• **TASK REQUIREMENTS**: Write out the lines below once more, exactly as they appear. Do not include pictures.

• **DATA SEGMENT**:
----

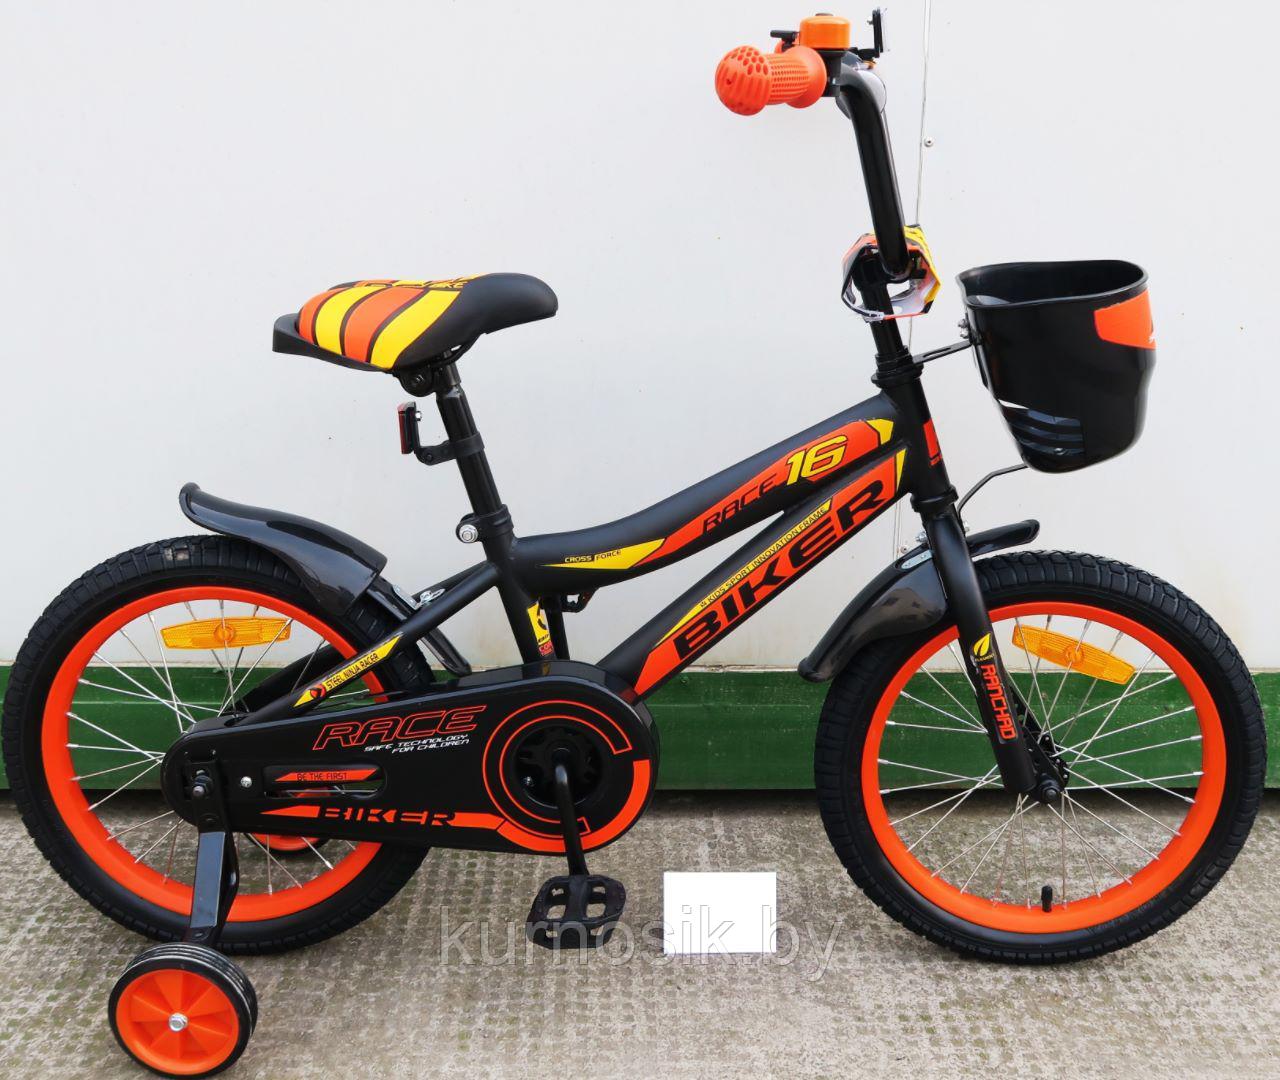 Детский велосипед Biker 20" (6-9 лет) Черно-оранжевый
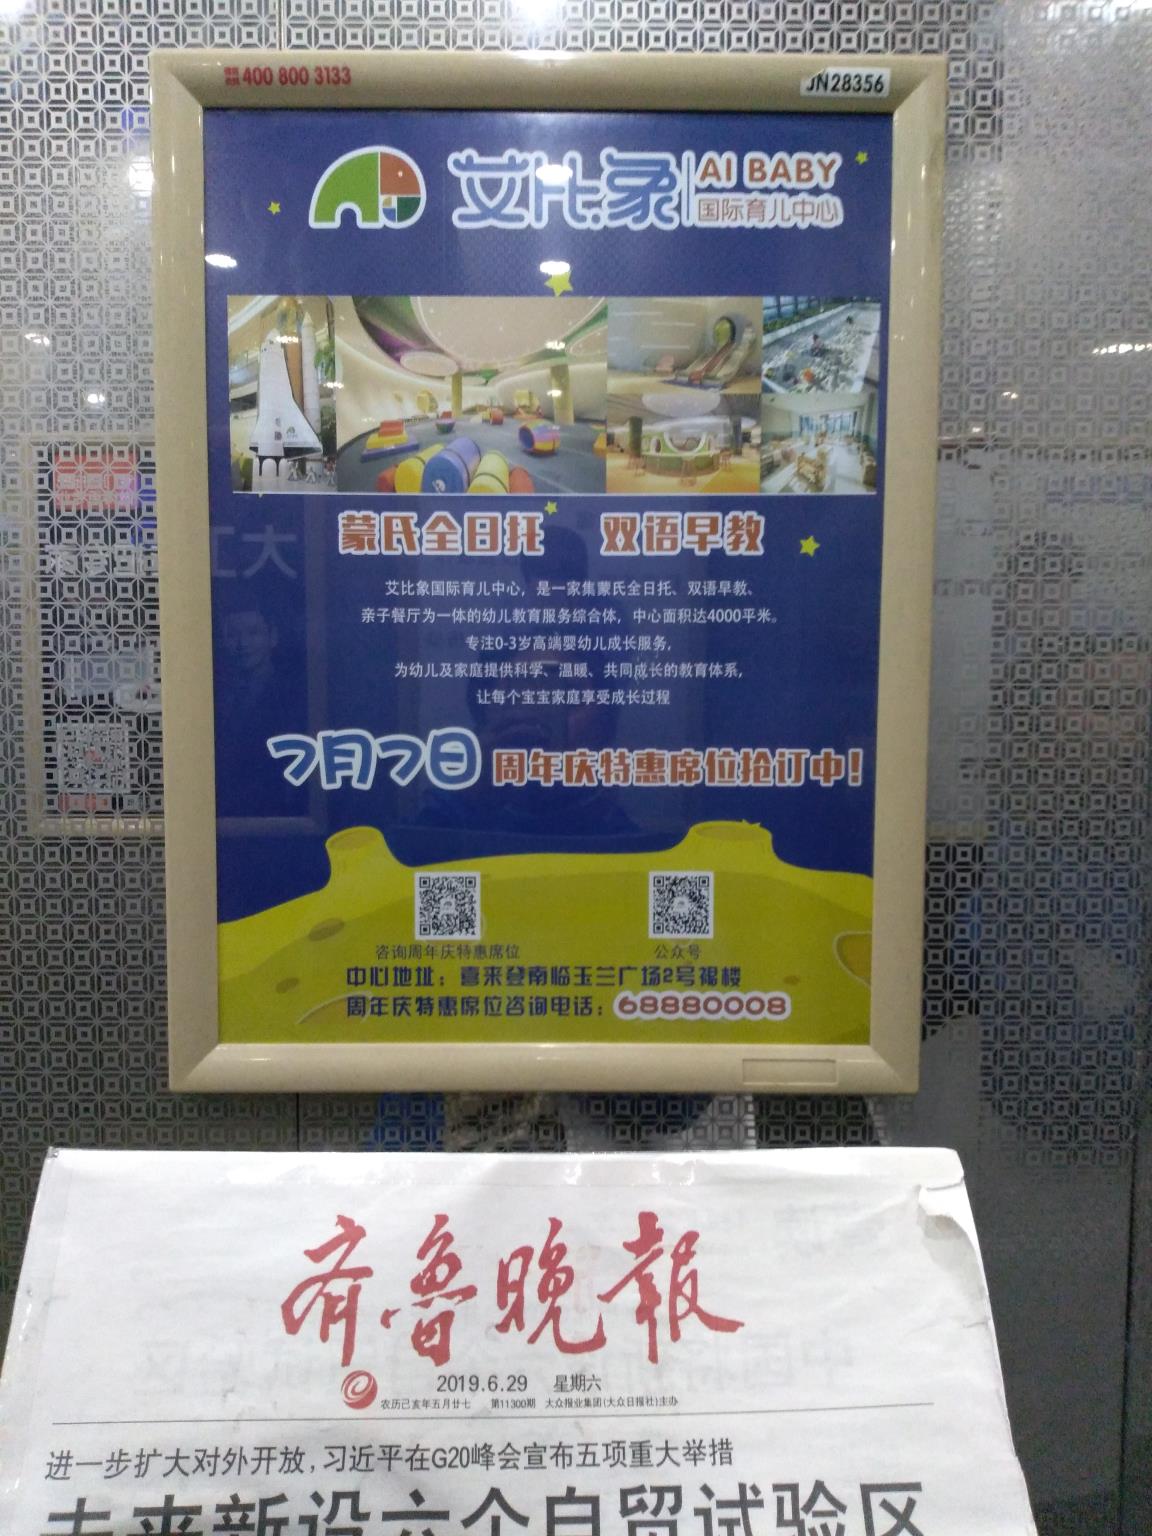 艾比象国际育儿中心（济南电梯框架广告投放1856006492）
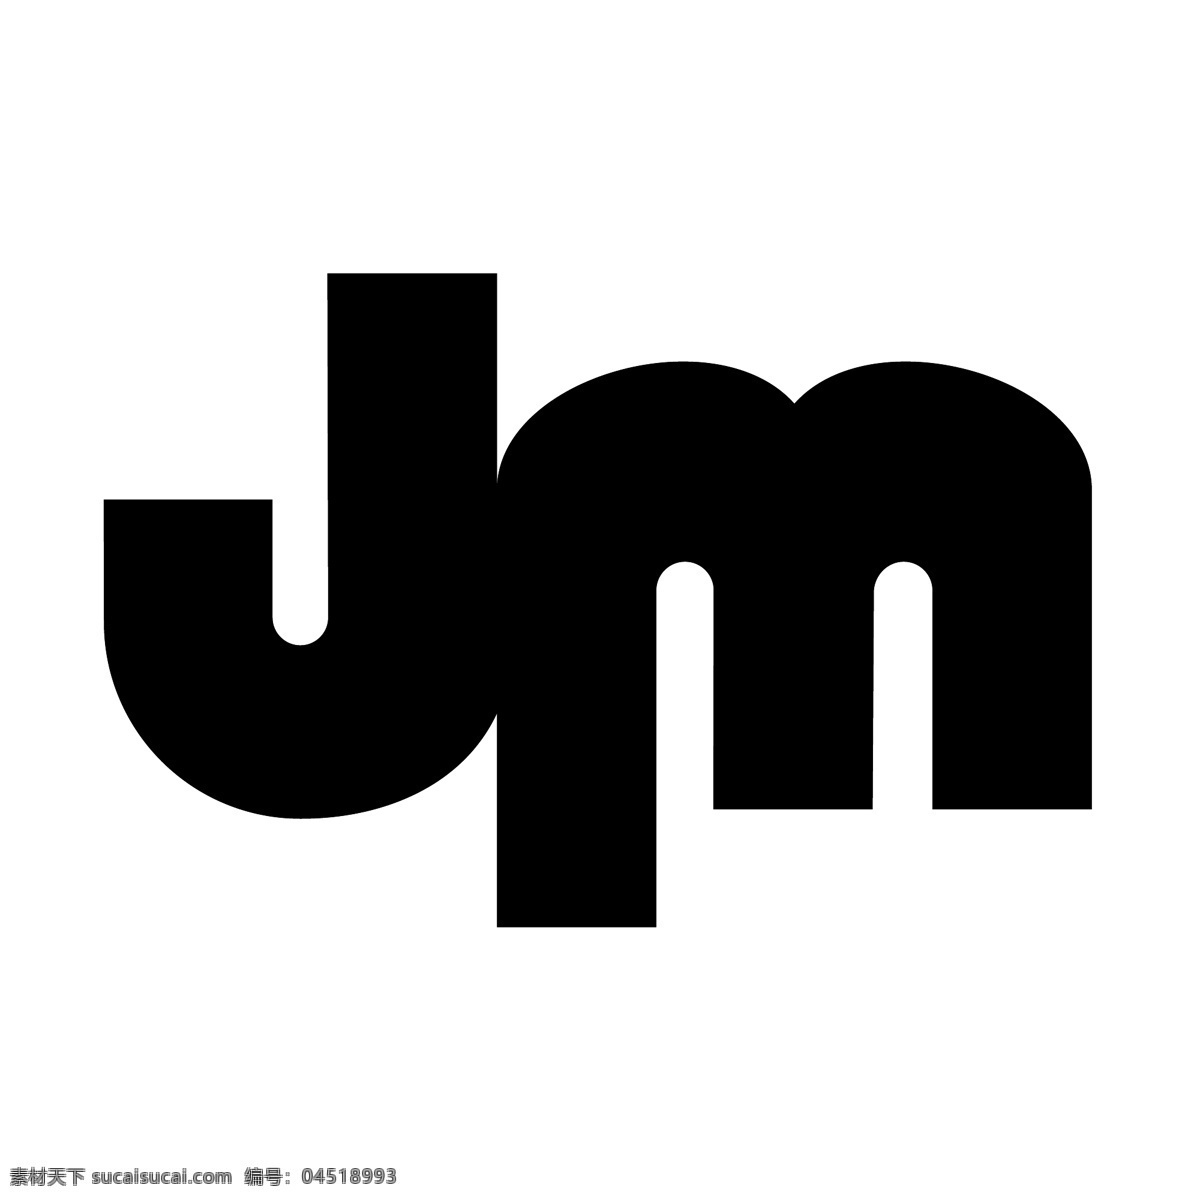 logo设计 jm标识 矢量标志jm 矢量jm标识 标识标志jm jm jm标识向量 jm设计 jm标识设计 矢量 阿尔塔 costura slovnk podstatnjm 没有 污点 矢量图 建筑家居
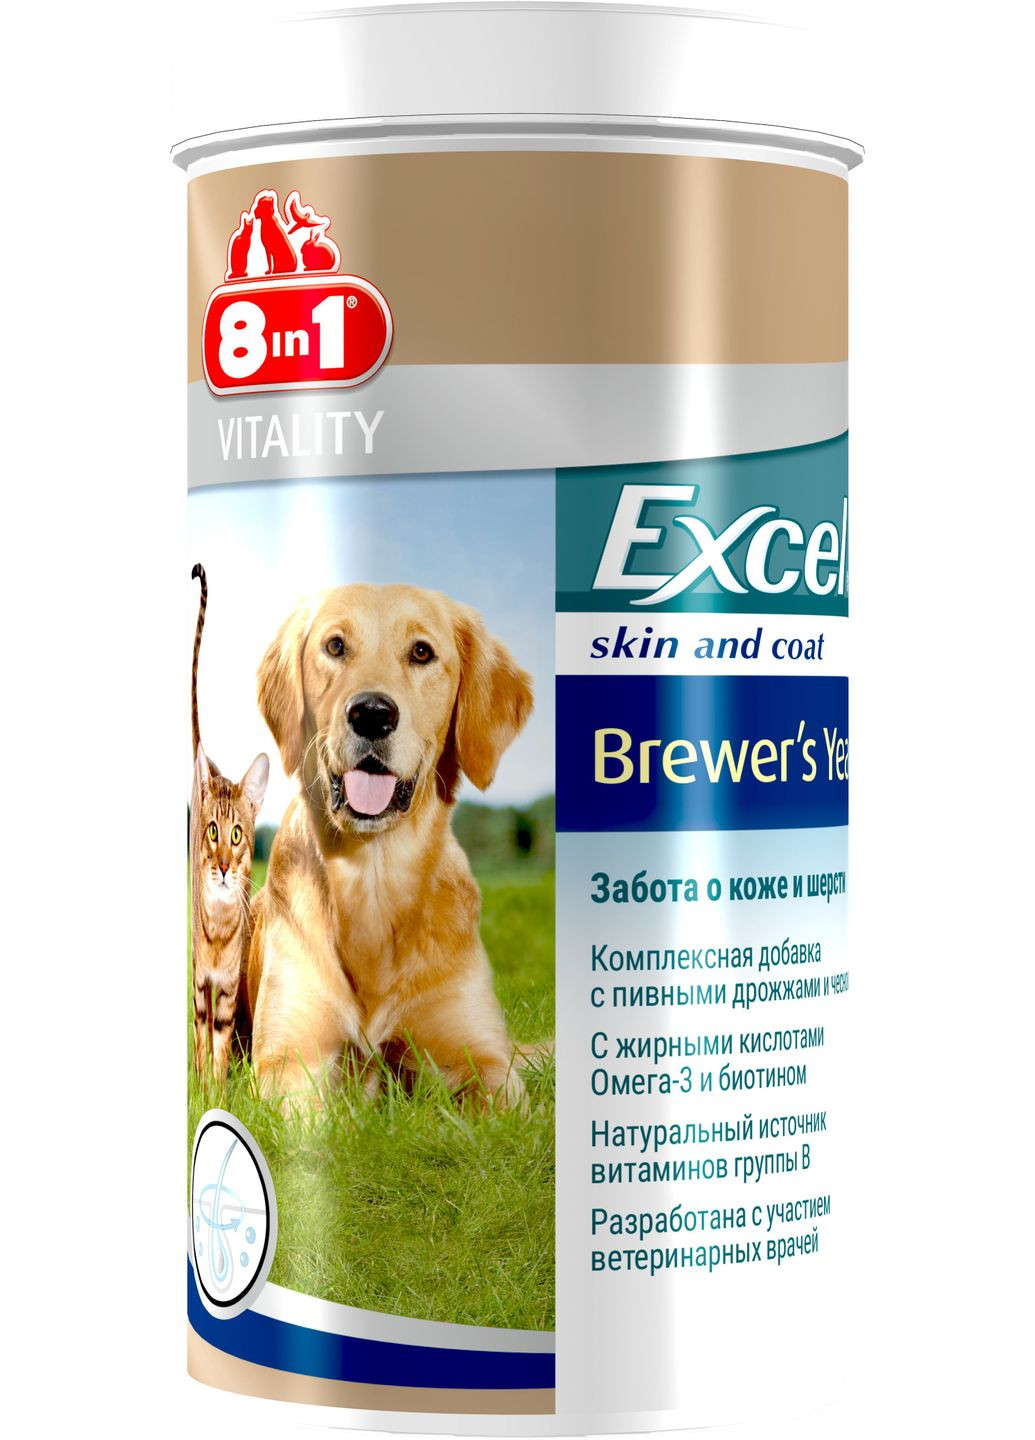 Пивні дріжджі Excel Brewers Yeast для котів і собак таблетки 1430 шт (4048422115731) 8in1 (279562317)

----

• **REPLY TO THE TASK**:
 Детский велосипед Biker 20" (6-9 лет) Черно-оранжевый
 艾比象国际育儿中心（济南电梯框架广告投放1856006492）
 logo设计 jm标识 矢量标志jm 矢量jm标识 标识标志jm jm jm标识向量 jm设计 jm标识设计 矢量 阿尔塔 costura slovnk podstatnjm 没有 污点 矢量图 建筑家居
 Пивні дріжджі Excel Brewers Yeast для котів і собак таблетки 1430 шт (4048422115731) 8in1 (279562317)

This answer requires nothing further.